- [Dataset extract]:
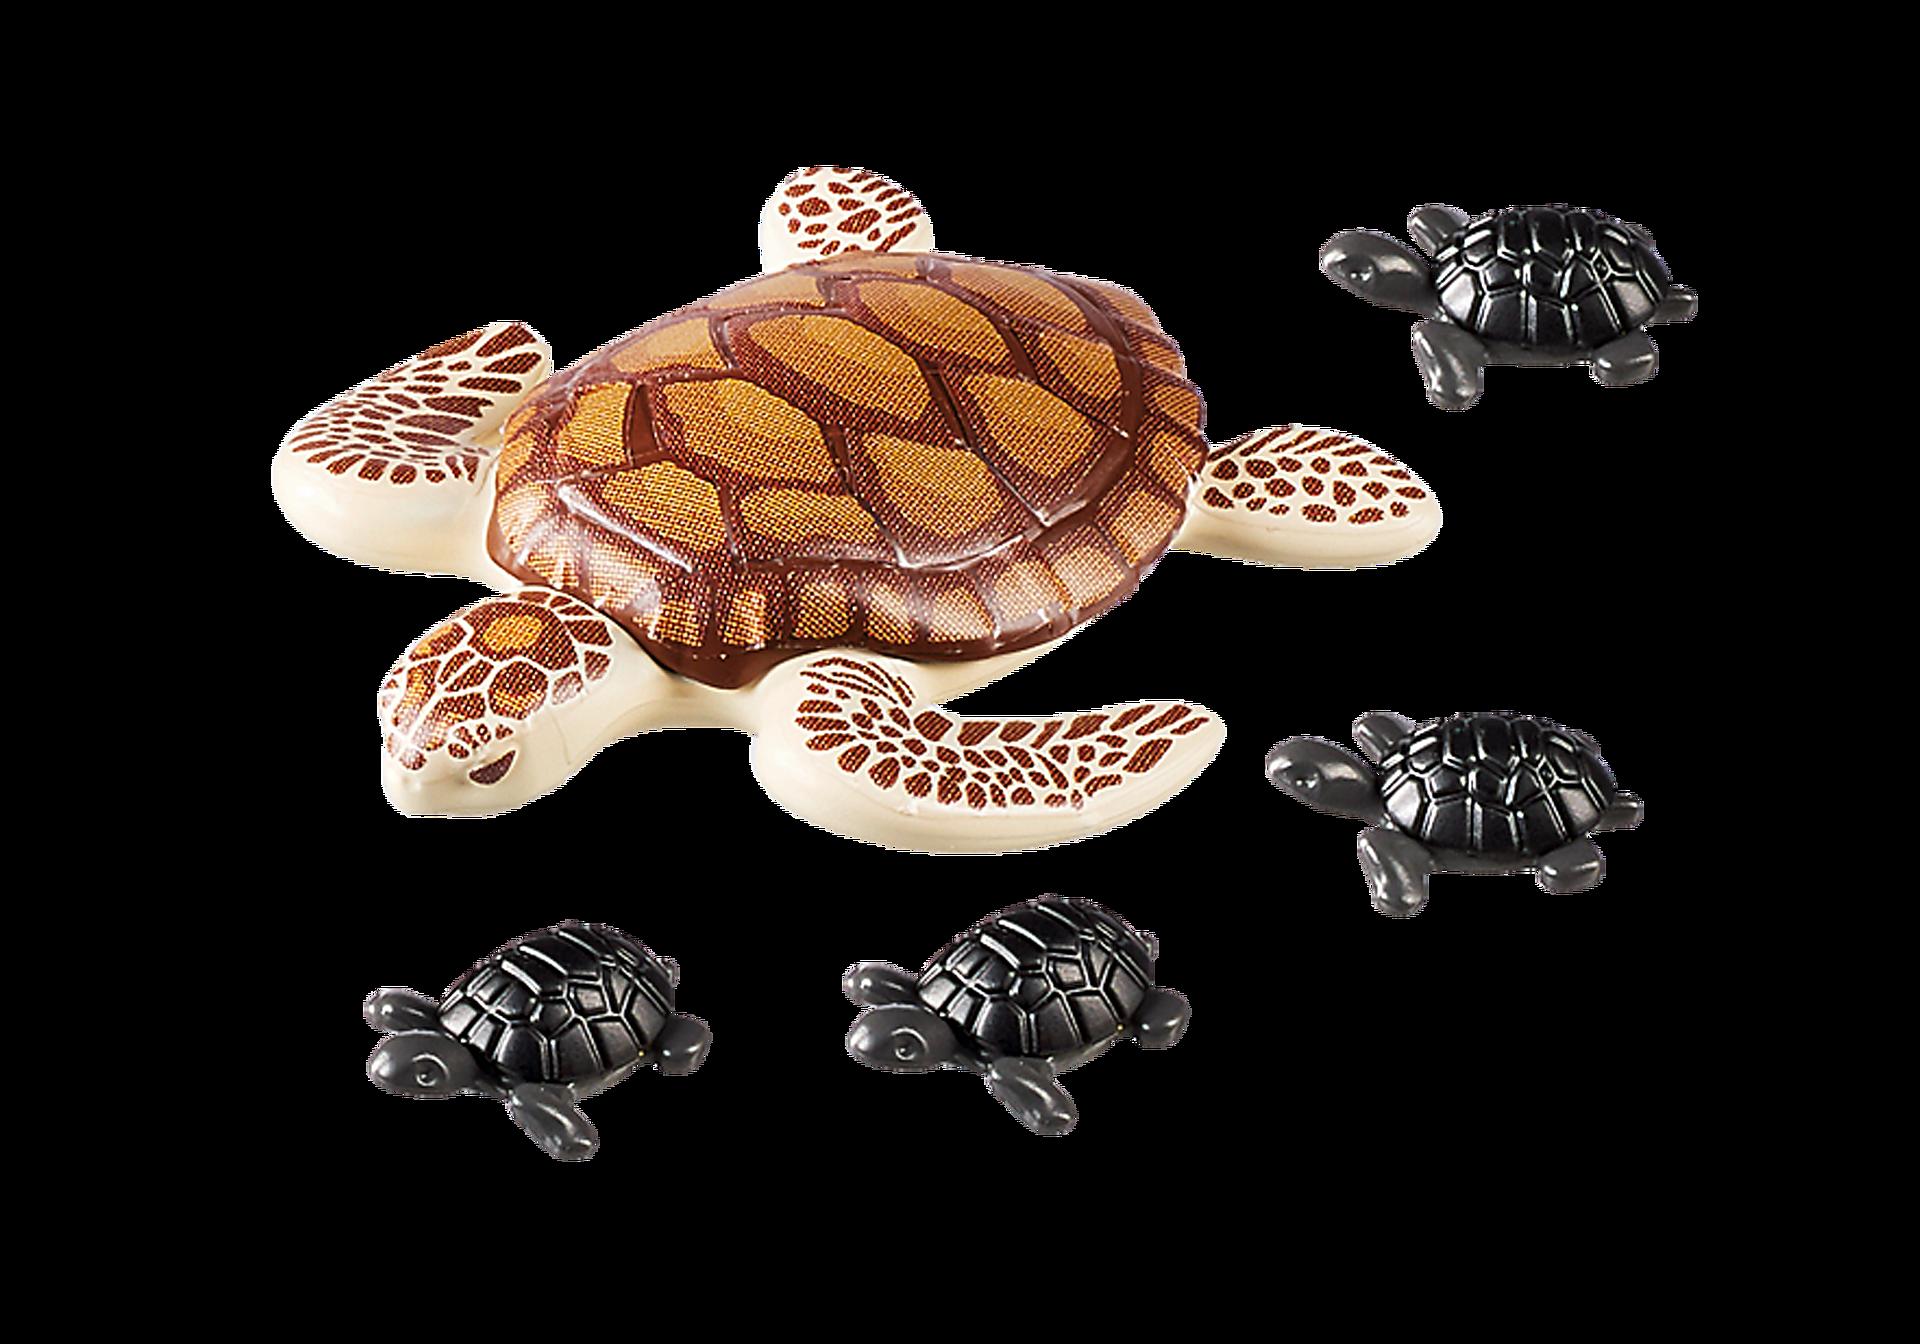 9071 Sea Turtle with Babies zoom image4
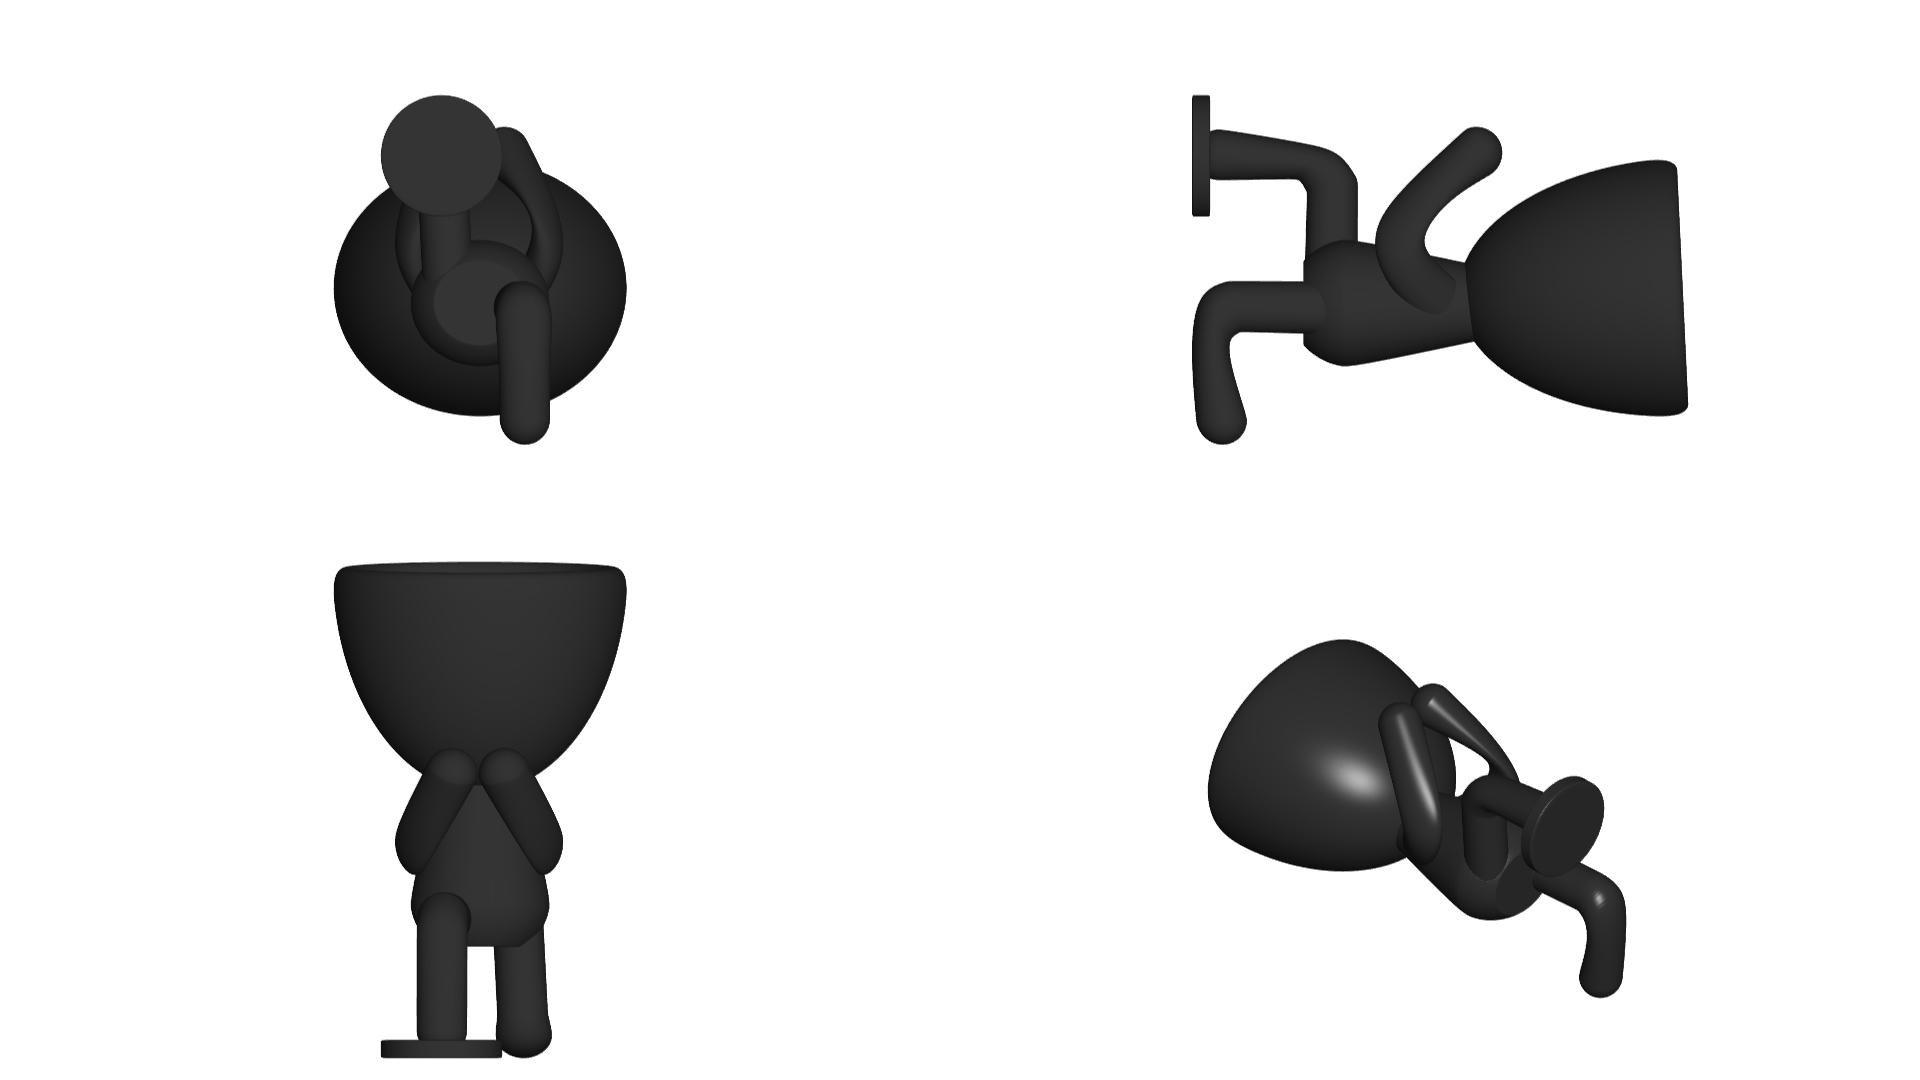 Vaso_08_Negro_2.jpg Télécharger fichier STL gratuit JARRÓN MACETA ROBERT 08 - VASE POT DE FLEURS ROBERT 08 • Modèle à imprimer en 3D, CREATIONSISHI
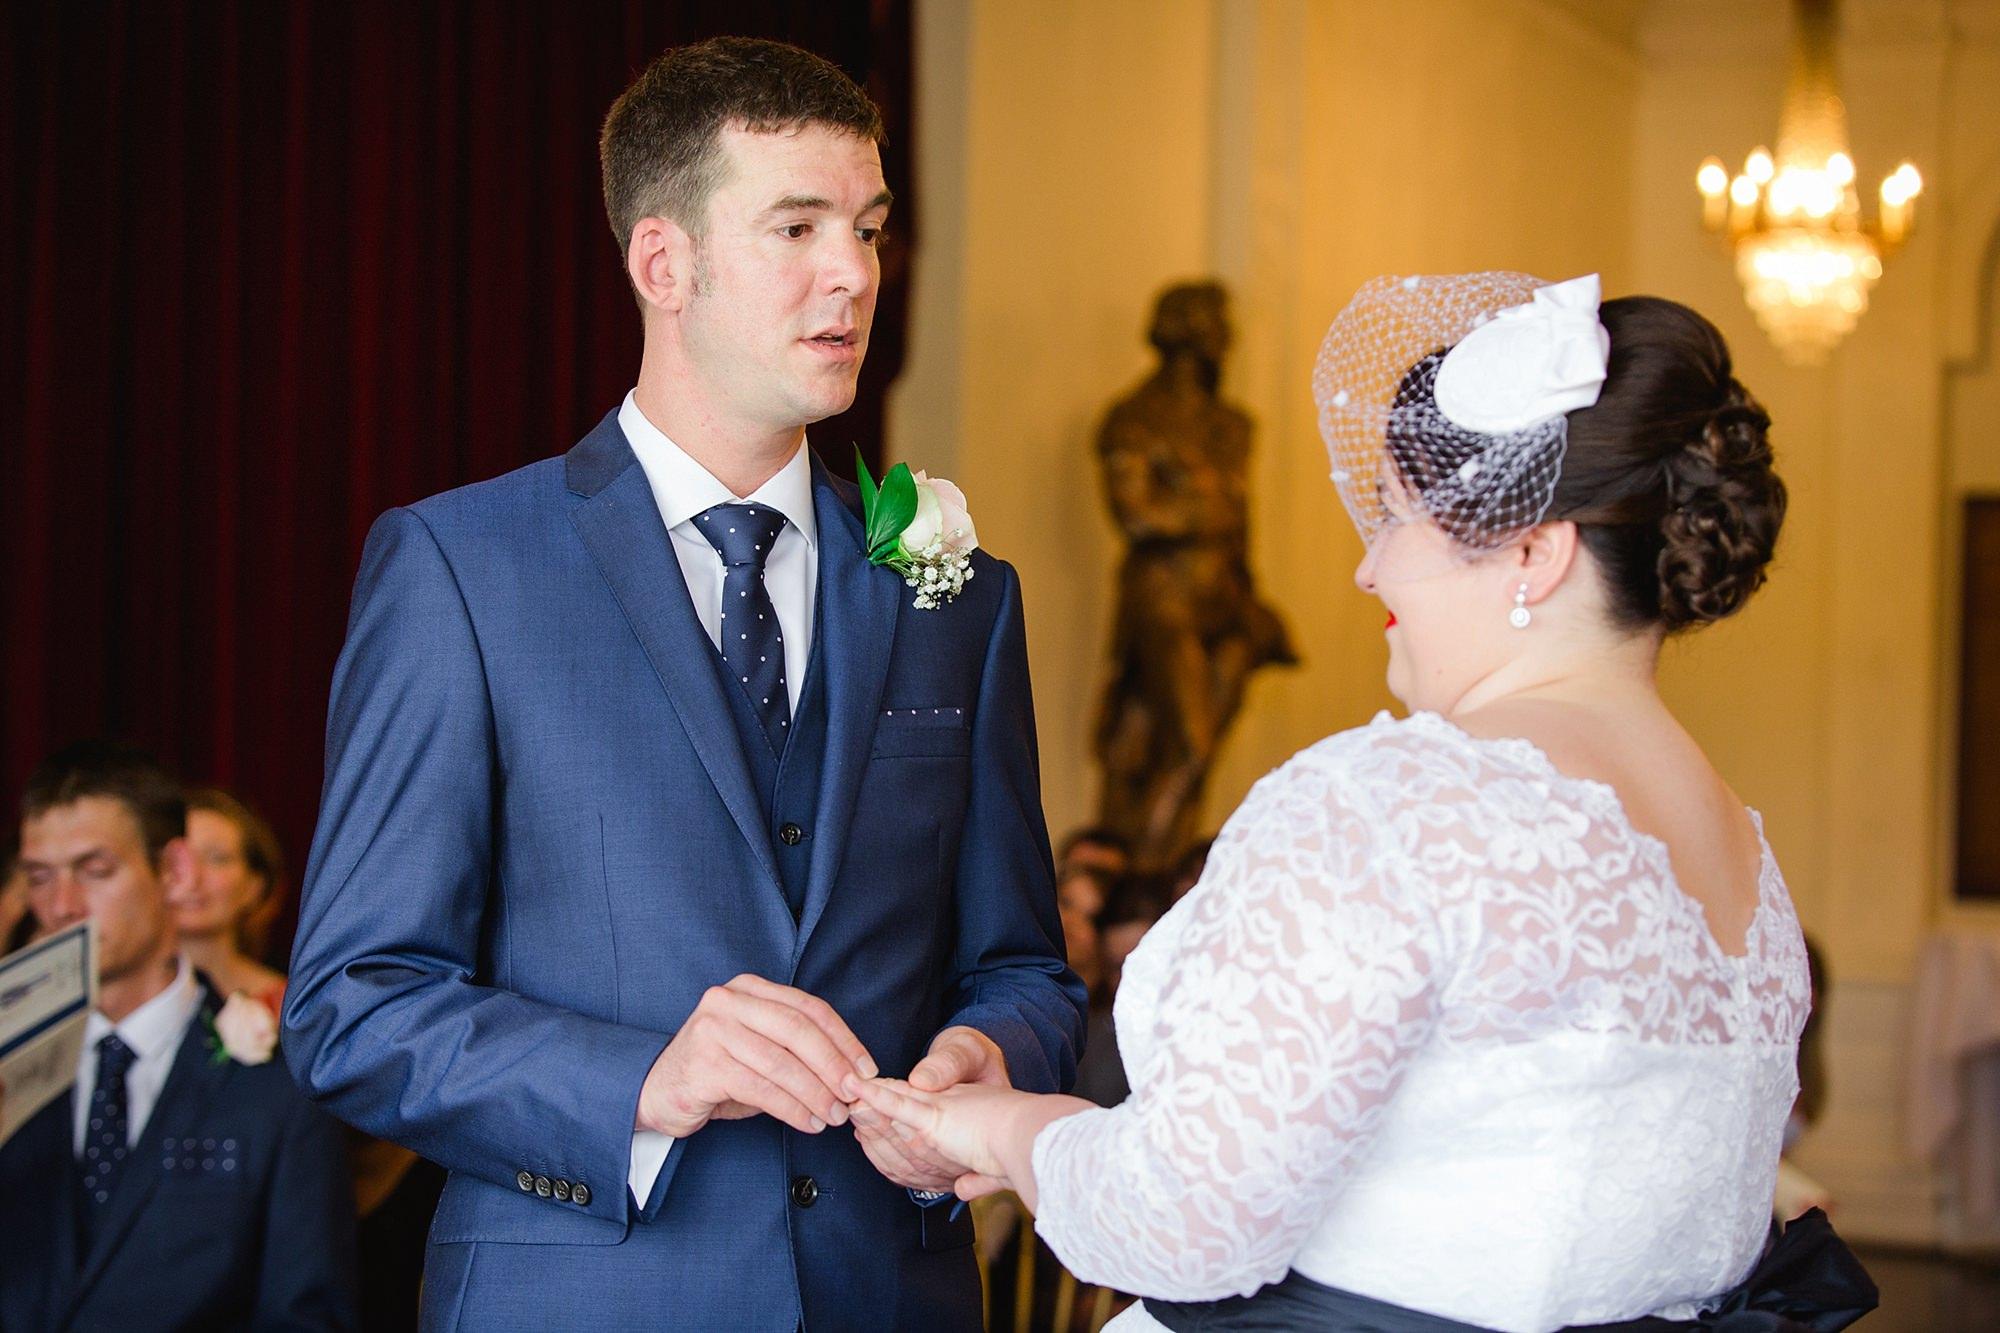 Trafalgar Tavern wedding from gives ring to bride

- [Exercise instructions]:
Using the material above, return every line exactly as it appears, minus the pictures.

- [Written answer]:
 9071 Sea Turtle with Babies zoom image4
 Vaso_08_Negro_2.jpg Télécharger fichier STL gratuit JARRÓN MACETA ROBERT 08 - VASE POT DE FLEURS ROBERT 08 • Modèle à imprimer en 3D, CREATIONSISHI
 Trafalgar Tavern wedding from gives ring to bride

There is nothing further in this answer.